═══ DATA EXTRACTS
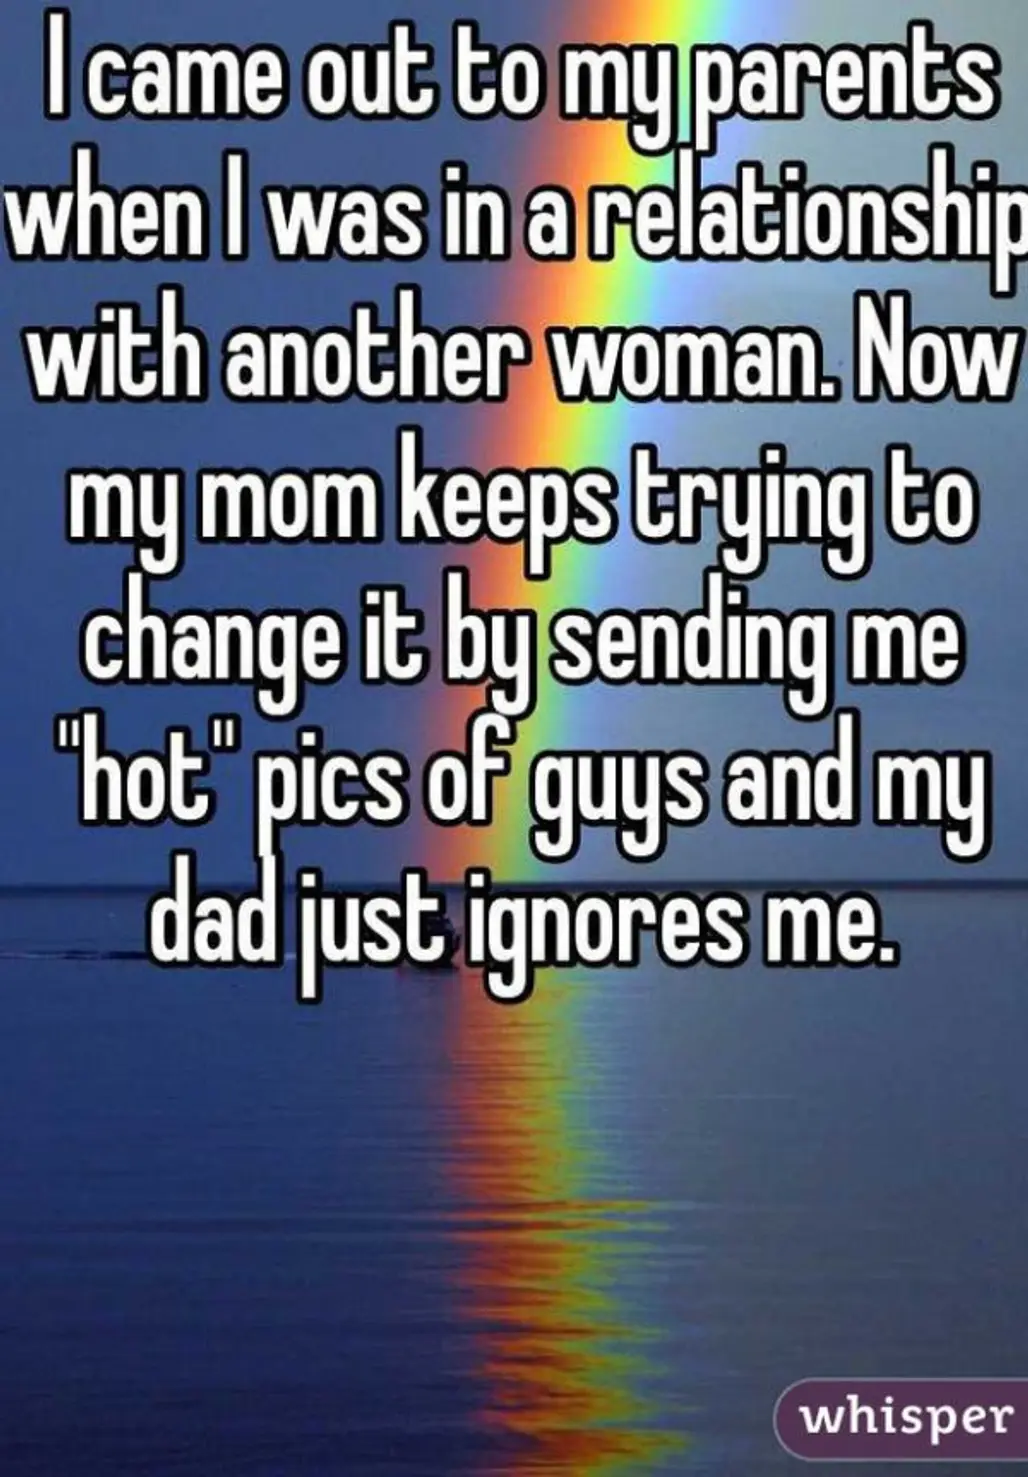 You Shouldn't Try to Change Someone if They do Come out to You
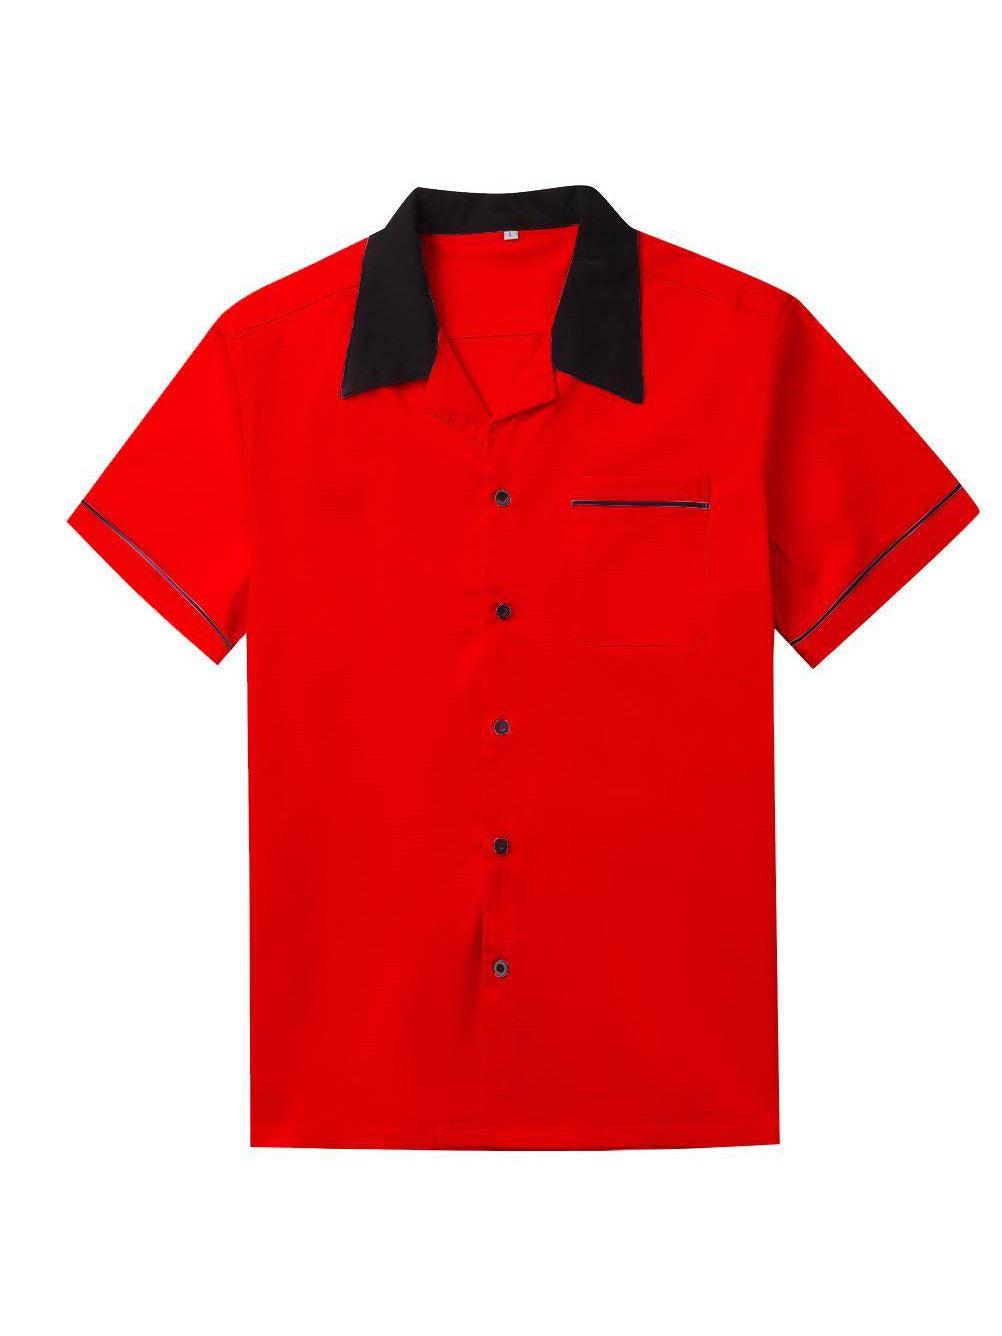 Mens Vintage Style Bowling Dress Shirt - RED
══════
═══ DATA EXTRACTS
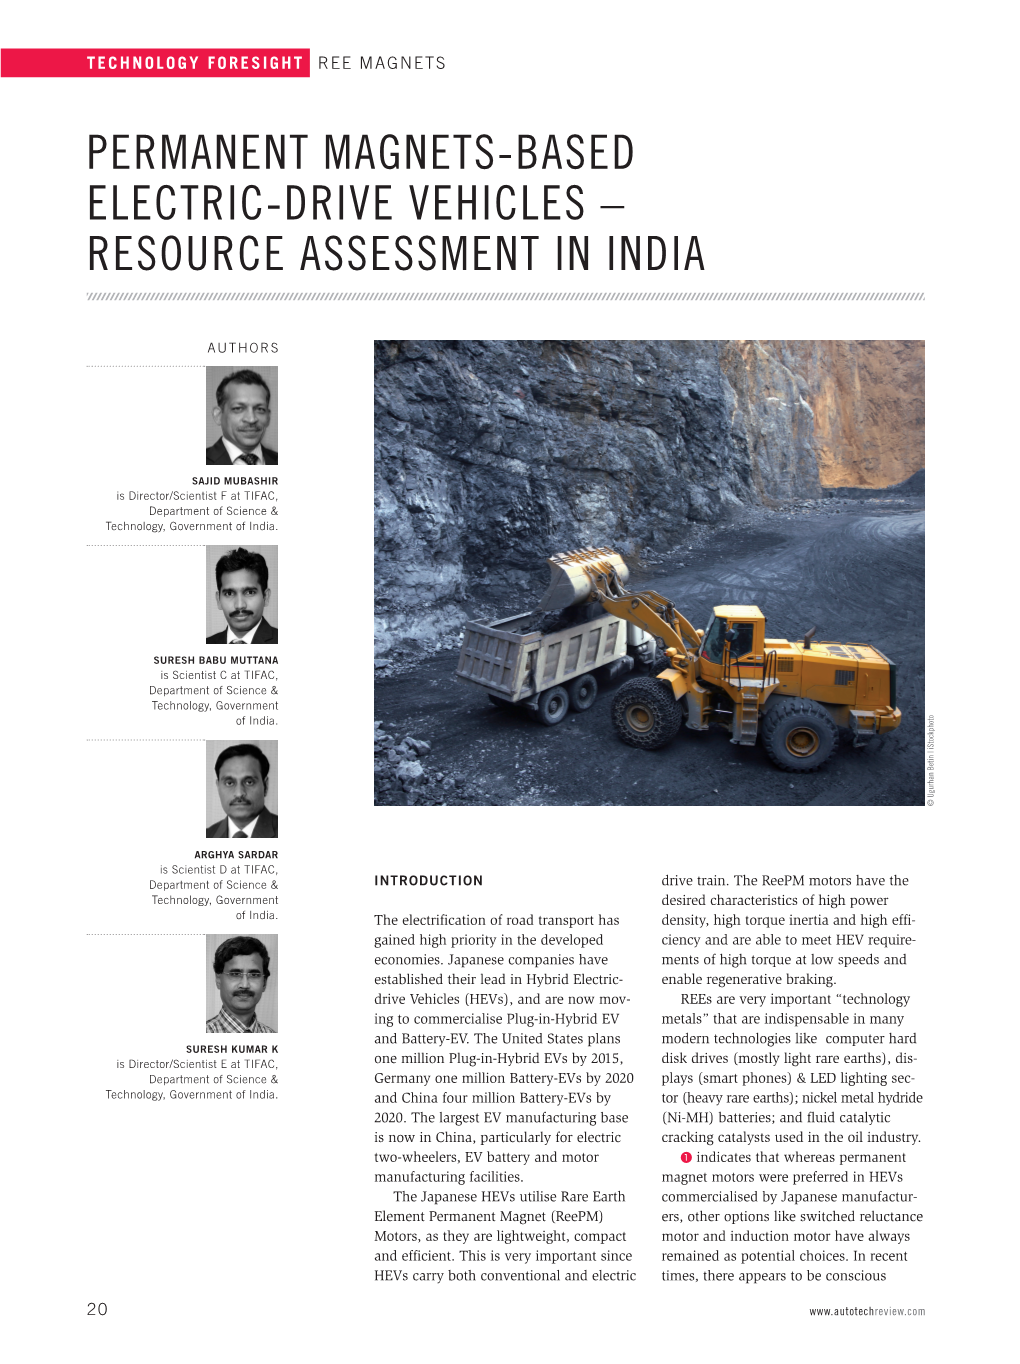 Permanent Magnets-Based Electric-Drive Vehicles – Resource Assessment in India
══════
ACTIVITY>
Within the listing above, the lines from the one with "You Shouldn't Try" through the one with "Mens Vintage Style Bowling Dress Shirt - RED" are to be given again word for word. Do not include pictures.

WRITTEN SOLUTION>
 You Shouldn't Try to Change Someone if They do Come out to You
 Mens Vintage Style Bowling Dress Shirt - RED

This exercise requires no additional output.